Whenever I play it next time it'll be on my 3ds with the 3d effect.


----------



## Lostbhoy (Oct 17, 2020)

I like to think it could run on ps1 since the console was going to be a nintendo/sony collaboration and development and releases are relatively close to each other. 

They must have had plans to release a Mario game on it at launch, if it ever came to fruition with the collaboration, and this must have been the one.... In some form!!


----------



## FAST6191 (Oct 18, 2020)

Going to have to be the classic answer of "It depends", even more so if you have found yourself looking at the perks of high end PC development using it and thinking "ooh".

It is an early stage game, an ambitious one at that, written for some rather obtuse hardware back in the 90s.
This means its base code very much plays to the hardware, which itself had some interesting abilities as far as running 3d code. This also applies to most 3d consoles of the era, and older, but in different ways.
For the PC and powerful devices then several decades and thus orders and orders of magnitude more power mean even playing as fast and loose as you like you are probably going to waste more CPU resources with the little printer application that tells you your wallet is looking too fat, buy some ink. Go back to legacy devices and you get to refactor the code massively to work in anything like real time/playable framerates, or indeed figure out what the code does and replicate it with other code (if gravity, speed, movement, attacks and such are all the same mathematical/relative results then have you not ported it?).

From what I have seen then thus far nobody has really made some kind of pure implementation of Mario 64 -- the early PC port just stripped out the N64 audio, video and control pipeline and kicked it to standard Windows (which was then good enough to tweak to being on various consoles).

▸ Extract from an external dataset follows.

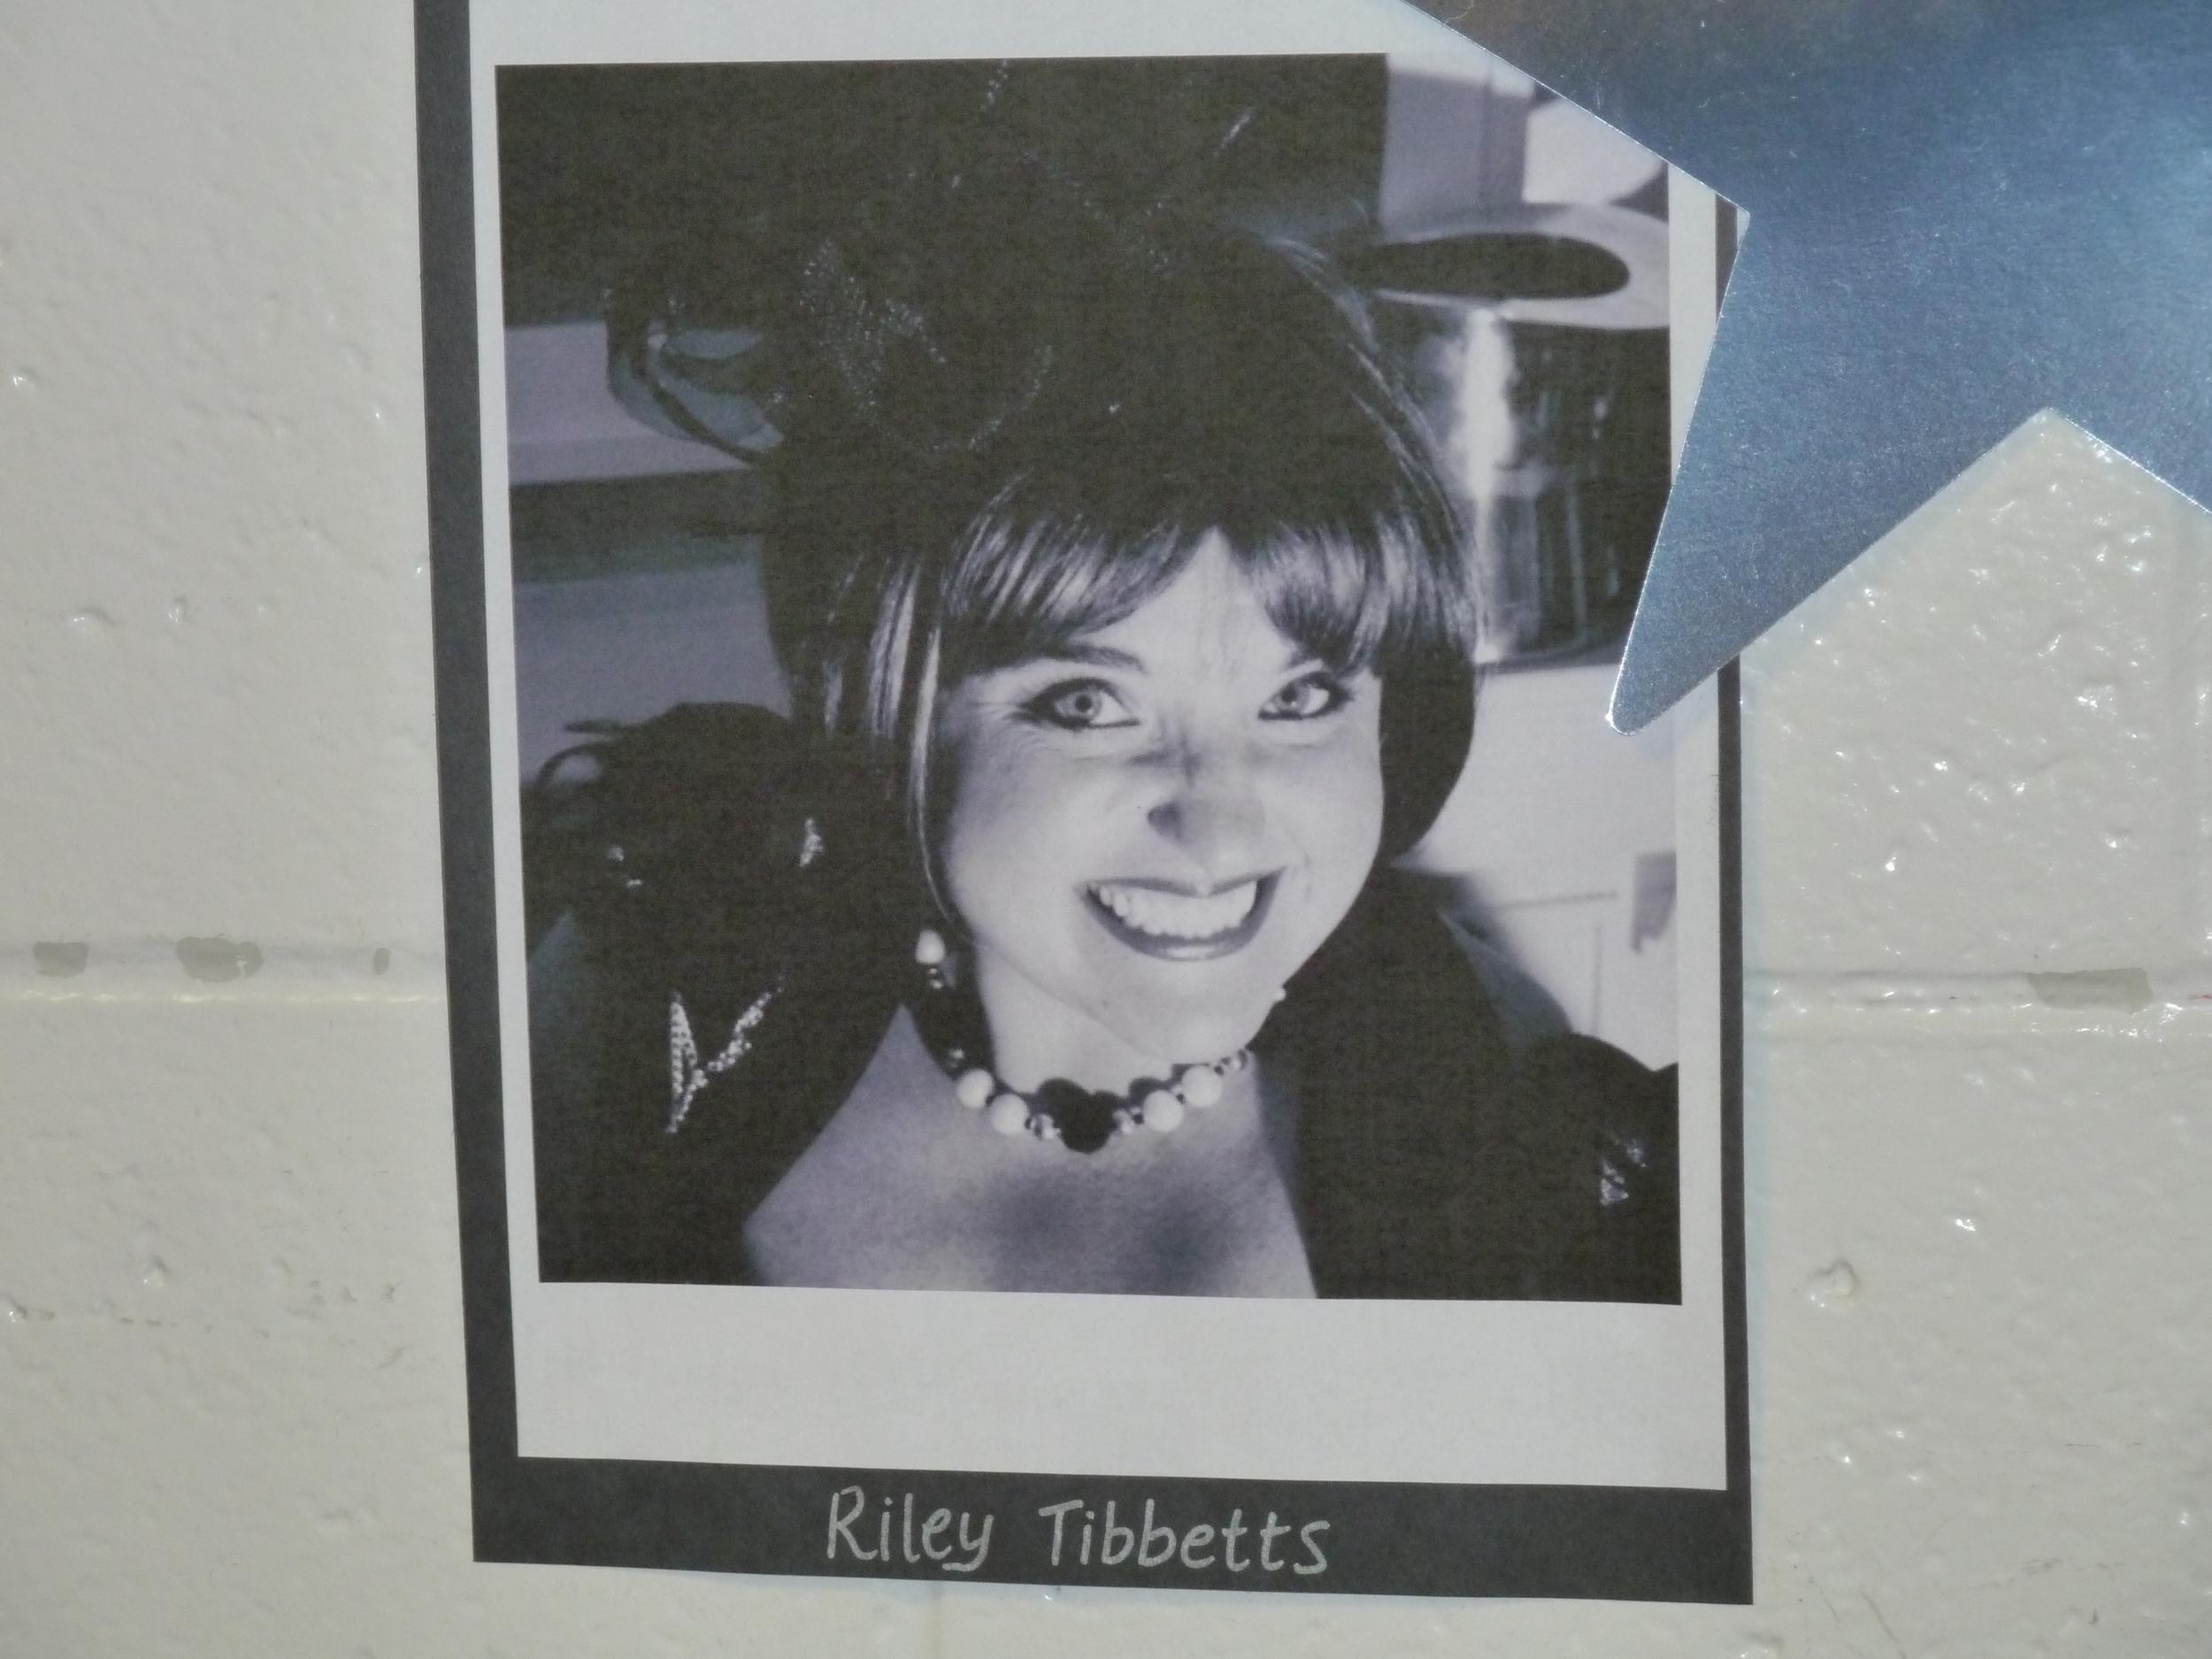 Riley Tibbetts

Some more work was done when people started playing with long render distance, high res, widescreen, framerate fun and whatnot but still had more to do.

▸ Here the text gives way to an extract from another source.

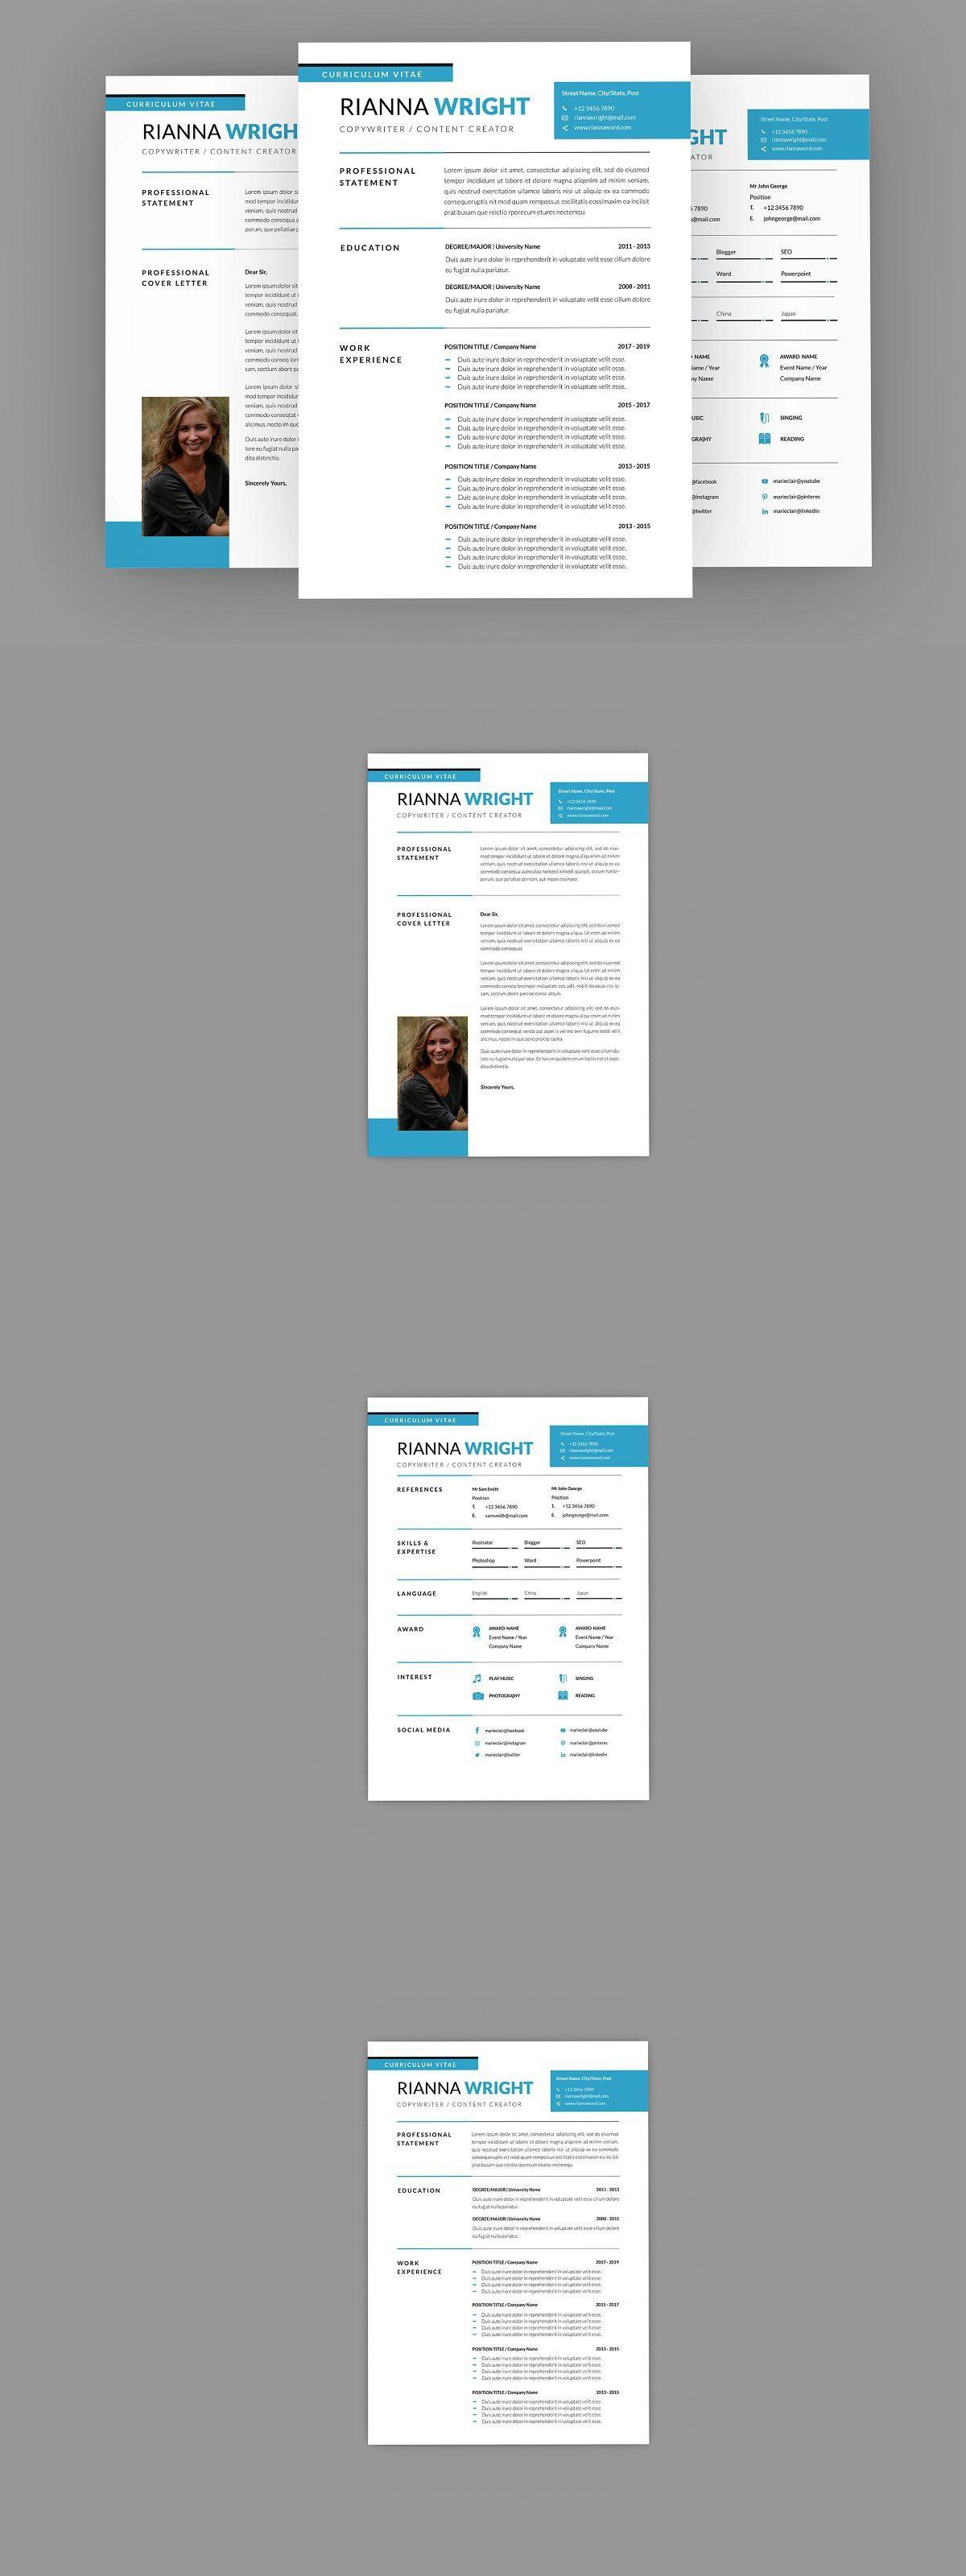 Riannna CopyWriter Resume Designer in 2020 Resume

It is a full on 3d game so I would be impressed if it was ported to anything not contemporary in power to the N64 (so PS1, maybe Saturn, arcade hardware maybe from a few years earlier, though 3d was still new enough that I am not sure there will be much of that -- the 3dfx voodoo stuff was 1996 that it really took off with most things before in gamer world being a software render leaning into the CPU), and most of those would be a fairly impressive project in their own right done as an exercise for the programmer rather than intending to make a workable port (such a thing would teach you a pretty decent bit of fairly legacy C*, likely a lot of the N64 hardware, 3d in general and also the hardware of what you are porting it to.

*it is not K&R C or anything truly fun but embedded and conventional C of that vintage (C99 was the next big step to gain widespread acceptance and as the number there refers to year of adoption that would not be a for a few years yet, mario 64 being 1996 and programmed earlier still after all) still has a few places that find it and find no new university graduates know it.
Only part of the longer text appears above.